Catching AI Hallucinations: A Five-Stage Quality Pipeline
Hallucinations aren't an LLM problem, they're a quality-control problem. Here's the 5-stage pipeline that catches, classifies, and contains bad outputs before they reach customers, and the decision rationale behind each stage.

When you're running a multi-agent platform in production, the moment you realize that quality isn't optional comes suddenly.
It was Tuesday morning. One of our agents had delivered a memo to a client. The memo cited a specific court ruling as precedent, very specific, very confident, very detailed. The client's lawyer read it. They wanted to verify the citation. It took about 15 minutes to realize the ruling didn't exist.
The agent had hallucinated case law. Confidently. Completely. And if the client's team had been in a hurry, they might have acted on it.
That's when we stopped asking "How do we trust LLMs?" and started building systems to ensure we never had to.
Why Quality Is The Hardest Problem in Agentic AI
Let's be honest: the difficulty of AI quality isn't the LLMs. LLMs are good at generating text that looks right. They're excellent at it.
The difficulty is that hallucinations look like truth.
An LLM can confidently invent a fact, and the output will be grammatical, coherent, contextually reasonable, and completely wrong. It will look professional. It will pass a casual skim. It will look so true that busy people will act on it.
And once it's in a client email, a financial forecast, or a legal memo, it's in the world. The damage compounds.
This is why agentic AI is fundamentally different from chat. In chat, hallucinations are entertaining, the user notices immediately and corrects. In agents running production workflows, hallucinations are catastrophic.
The solution isn't smarter models. Smarter models still hallucinate. The solution is systems that make hallucinations visible before they matter.
At BUCC, we call that the Five-Stage Quality Cascade.
The Five-Stage Cascade: Full Architecture
Stage 1: Presidio PII Scan
Every output from every agent gets scanned for personally identifiable information. This is a hard gate. No exceptions. No bypasses.
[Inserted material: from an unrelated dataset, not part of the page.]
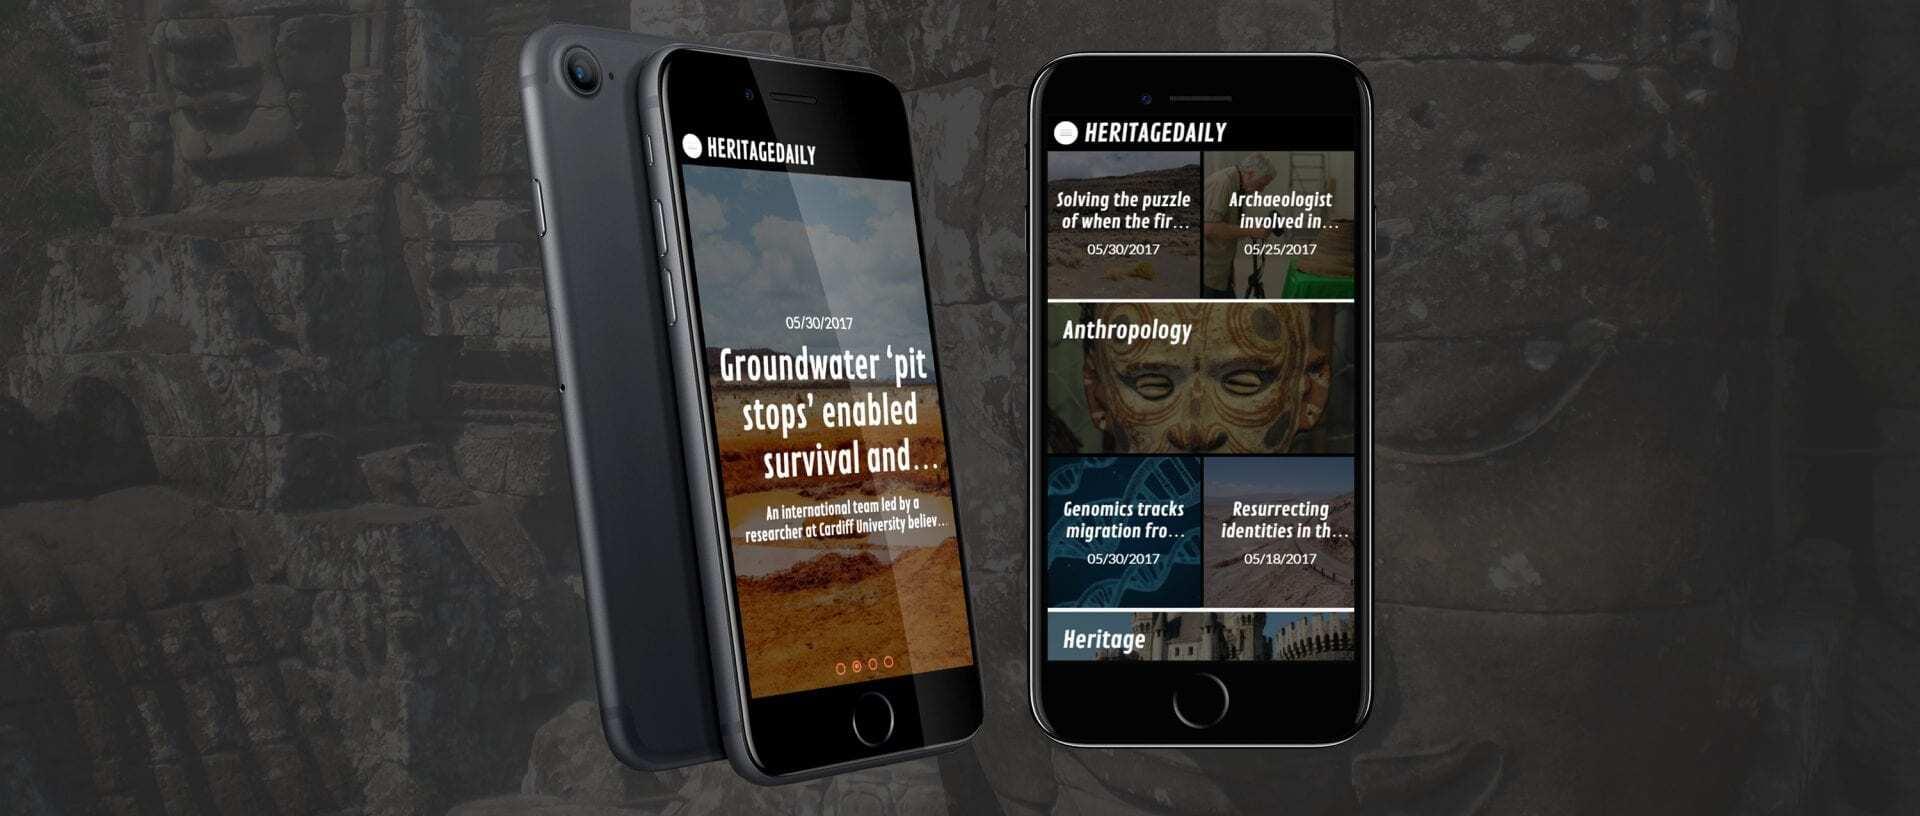 HeritageDaily App - HeritageDaily - Archaeology News

We use Microsoft Presidio, which is purpose-built for this. Most people think of PII as just email addresses and phone numbers. Presidio goes deeper:
- Identity documents: Social Security numbers, passport numbers, driver's license numbers
- Financial data: Bank account numbers, routing numbers, credit card numbers, tax IDs
- Biometric data: Fingerprints, facial recognition patterns
- Medical data: Health information, drug prescriptions
- Government IDs: Any jurisdiction-specific identifier
An agent generates a memo. Presidio scans it. If it finds PII, the output is immediately blocked. The agent gets feedback:
Output blocked: PII detected.
Entities: SSN (1), BankAccountNumber (2)
Please regenerate without exposing: [specific values]
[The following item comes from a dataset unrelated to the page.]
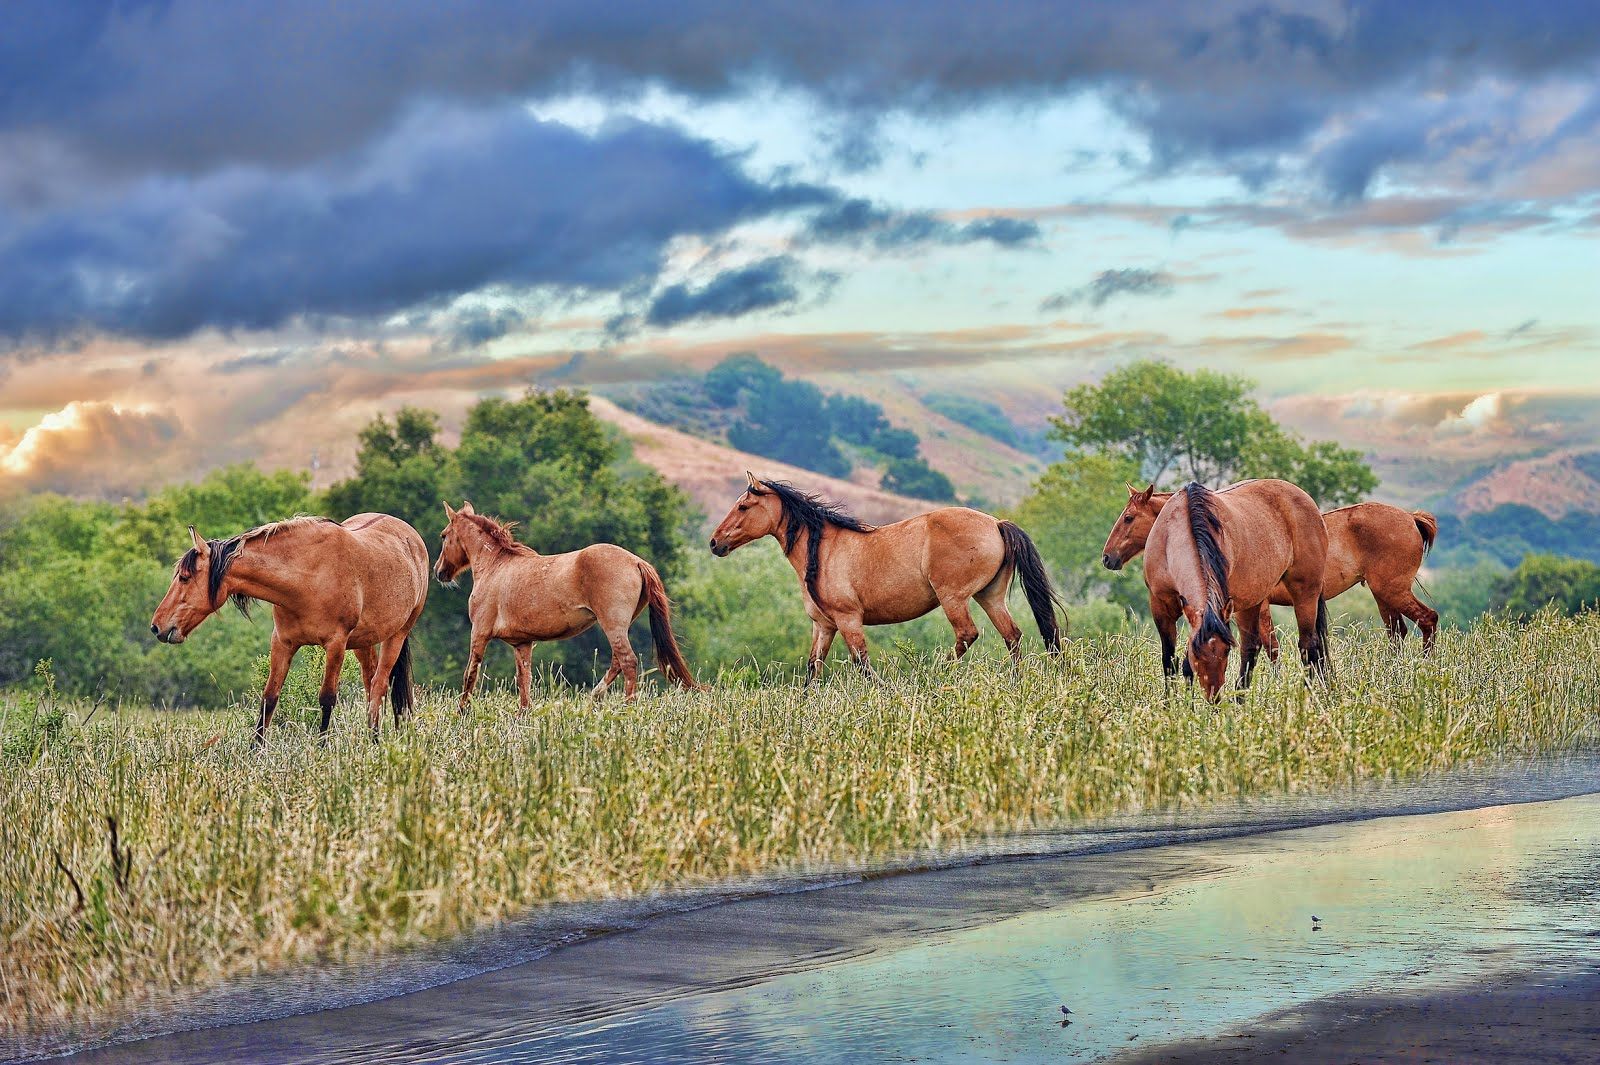 http://1.bp.blogspot.com/-YFyOwYwNeUA/UPxcRvl0CkI/AAAAAAABh-I/OL6NUHXgQVo/s1600/caballos-en-las-praderas-junto-al-rio-de-agua-clara-horses-near-to-the-river.jpg

The agent regenerates. Clean output passes through to Stage 2.
Why is this first? Because PII is non-negotiable. If an agent exposes a client's bank account number, all other quality metrics are irrelevant. We made the design choice: PII-free is a prerequisite, not a suggestion.
Latency: <50ms per output. Negligible.
Stage 2: Guardrails (Rule-Based)
Now we apply domain-specific rules. These aren't generic guardrails, they're task-specific logic.
Financial agents have guardrails like:
- No numerical claim without an associated confidence interval
- No percentage change without a basis point reference
- No market projection without a date range
Legal agents have guardrails like:
- Statute citations must match the statutory code format
- Case citations must include court + year
- Regulatory references must include CFR or state code
Product agents have guardrails like:
- Features must be checked against the current product matrix before claiming availability
- Pricing claims must be validated against current pricing tables
- Feature roadmap references must be marked as provisional
These are hand-coded checks. They're deterministic. They don't involve LLMs. They're fast and they fail loudly.
When a guardrail fails, it surfaces the specific rule:
Guardrail violation: FINANCIAL_CONFIDENCE_INTERVAL
Claim: "Our market share is 23%"
Requirement: Claims with ±1% variability must include confidence interval
Action: Regenerate with interval (e.g., "23% ±1.2%")
The agent sees exactly what they violated and why. They regenerate with the fix.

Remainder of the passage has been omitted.